Common Channel Configurations

  • Memory Channel

    A memory channel uses memory as the cache. Events are stored in memory queues. Common configurations are as follows.

    Table 7 Common configurations of a memory channel

    Parameter

    Default Value

    Description

    type

    -

    Type, which is set to memory.

    capacity

    10000

    Maximum number of events cached in a channel.

    transactionCapacity

    1000

    Maximum number of events accessed each time.

    channelfullcount

    10

    Channel full count. When the count reaches the threshold, an alarm is reported.

  • File Channel

    A file channel uses local disks as the cache. Events are stored in the folder specified by dataDirs. Common configurations are as follows.

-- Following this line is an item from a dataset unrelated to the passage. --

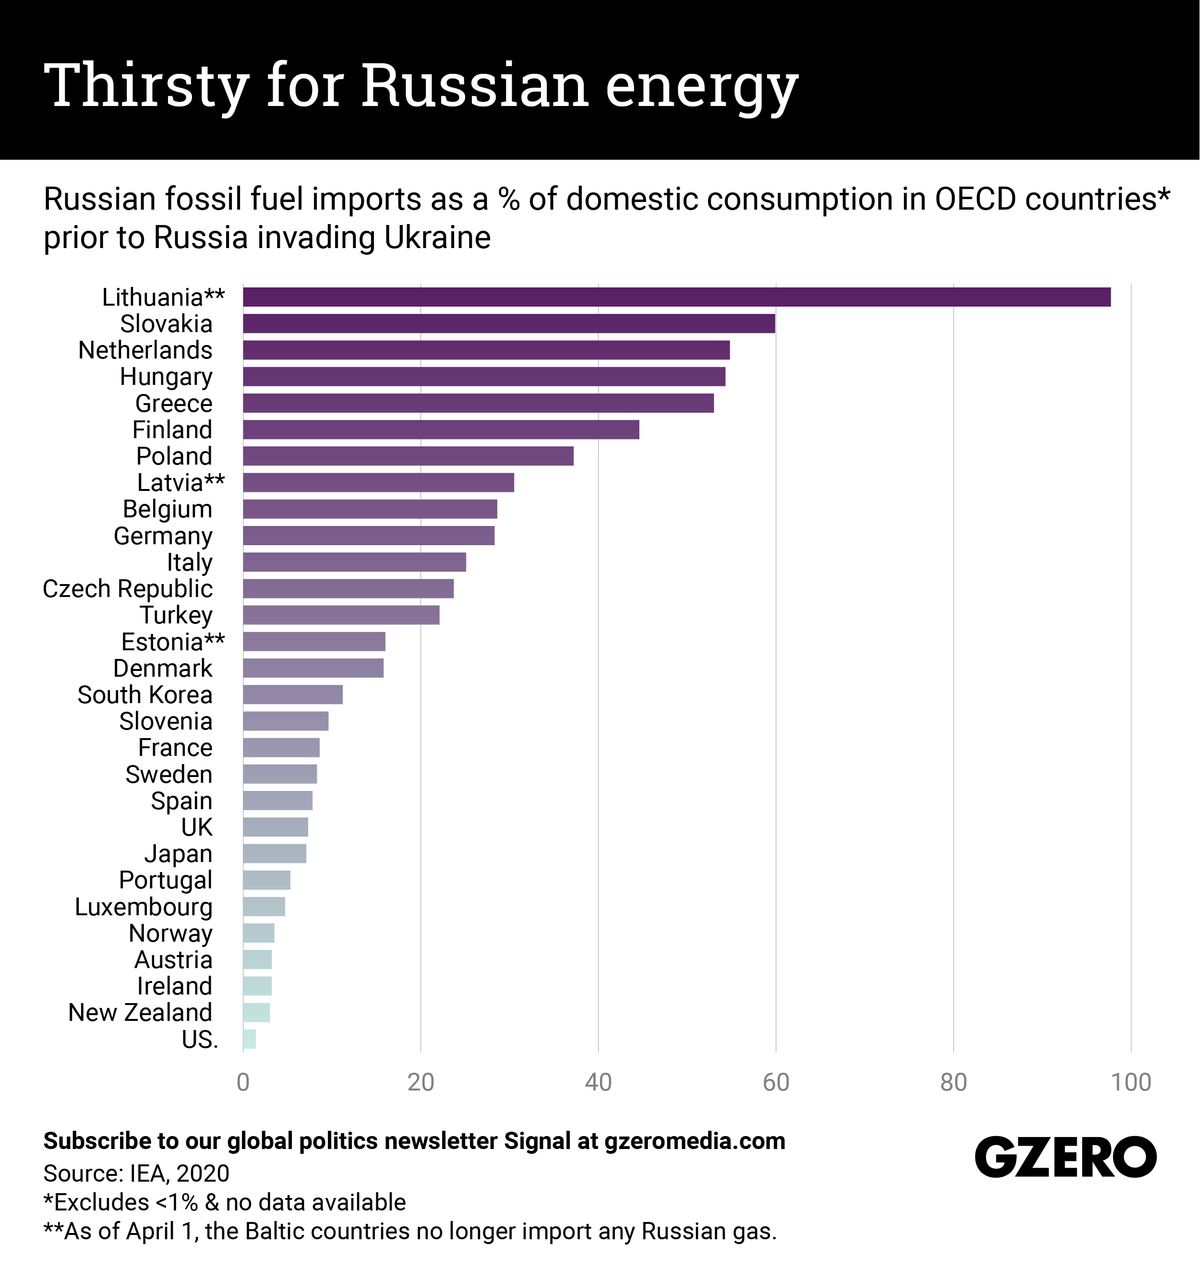 The Graphic Truth: Thirsty for Russian energy

    Table 8 Common configurations of a file channel

    Parameter

    Default Value

    Description

    type

    -

    Type, which is set to file.

    checkpointDir

    ${BIGDATA_DATA_HOME}/flume/checkpoint

    Checkpoint storage directory.

    dataDirs

    ${BIGDATA_DATA_HOME}/flume/data

    Data cache directory. Multiple directories can be configured to improve performance. The directories are separated by commas (,).

    maxFileSize

    2146435071

    Maximum size of a single cache file. The unit is byte.

    minimumRequiredSpace

    524288000

    Minimum idle space in the cache. The unit is byte.

    capacity

    1000000

    Maximum number of events cached in a channel.

    transactionCapacity

    10000

    Maximum number of events accessed each time.

    channelfullcount

    10

    Channel full count. When the count reaches the threshold, an alarm is reported.

  • Memory File Channel

    A memory file channel uses both memory and local disks as its cache and supports message persistence. It provides similar performance as a memory channel and better performance than a file channel. Common configurations are as follows.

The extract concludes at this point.